In order to find the most relevant document, we have to compute the similarity between two TF-IDF vectors to see if the document is relevant. The formula used to do this is :
$
\frac{\vec{V_1} \cdot \vec{V_2}}{|\vec{V_1}| \times |\vec{V_2}|}
$

#### Scalar product

The implementation of the scalare product is pretty straightforward.
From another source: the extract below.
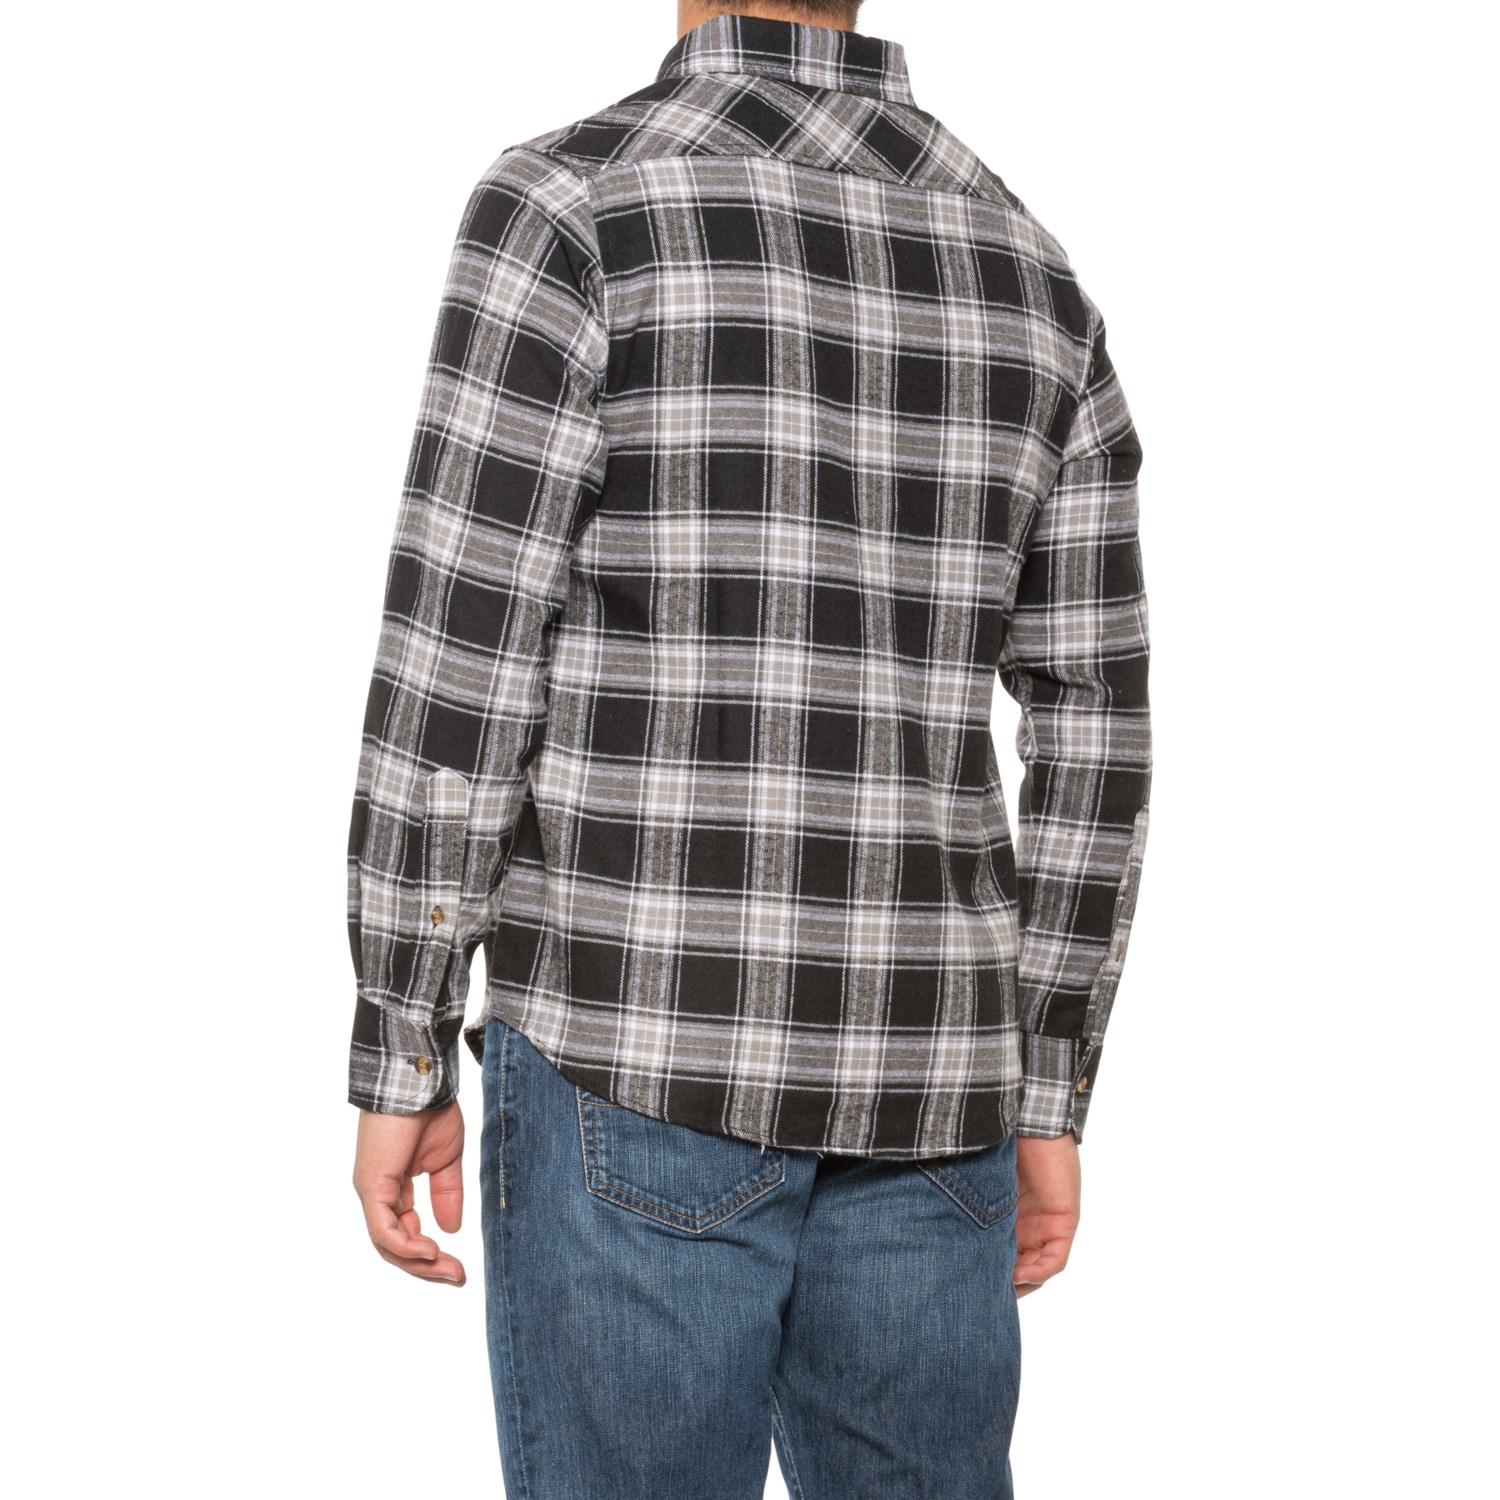 Cloudveil Plaid Beefy Flannel Shirt (For Men) - Save 50%

We just have to throw an exception if the vectors aren't of the same dimension.

In [17]:
def scalar_product(vector1: list[float], vector2: list[float]) -> int:
    """ Computes the scalar products of two vector of equal dimension """
    if(len(vector1) != len(vector2)):
        raise IndexError("Must be two vectors of equal length!")
    res = 0
    for i in range(len(vector1)):
        res += vector1[i] * vector2[i]
    return res

In [21]:
scalar_product([0, 1], [1, 0])

0

In [20]:
scalar_product([1, 0.5], [0.5, 1])

1.0

#### Vector norm

In [22]:
from math import sqrt

def vector_norm(vector: list[float]):
    """ Computes the norm of a vector """
    s = 0
    for v in vector:
        s += v ** 2
    return sqrt(s)

#### Similarity

In [23]:
def similarity(vector1:list[float], vector2:list[float]) -> float:
    """ Computes similarity between to vectors """
    p1 = scalar_product(vector1, vector2)
    p2 = (vector_norm(vector1) * vector_norm(vector2))
    # If one or more of the vector is the null vector
    if(p2 == 0): return 0
    return p1 / p2

In [24]:
similarity([1, 0.5], [0.5, 1])

0.7999999999999998

#### Get the phrase to print

With the most relevant document in the head, we just select the first phrase that contains the word with the highest TF-IDF and return it raw ("uncleaned")

In [25]:
def get_phrase(word:str, raw_text:str) -> str:
    """ Returns the first phrase containing the word, in raw str, without the ending '.' """
    phrases = raw_text.split('.')
    phrases_cleaned = [clean_text(p) for p in phrases]
    res = [phrases[i] for i in range(len(phrases)) if word in phrases_cleaned[i].split(' ')]
    if(len(res)):
        return res[0]
    else:
        return False

## What did we learn

We learned how to make a prettu CLI app, and what are the basis of chatbot. We also forced ourselves to use Git, and we've even gone as far as learning Tkinter to make a graphical UX.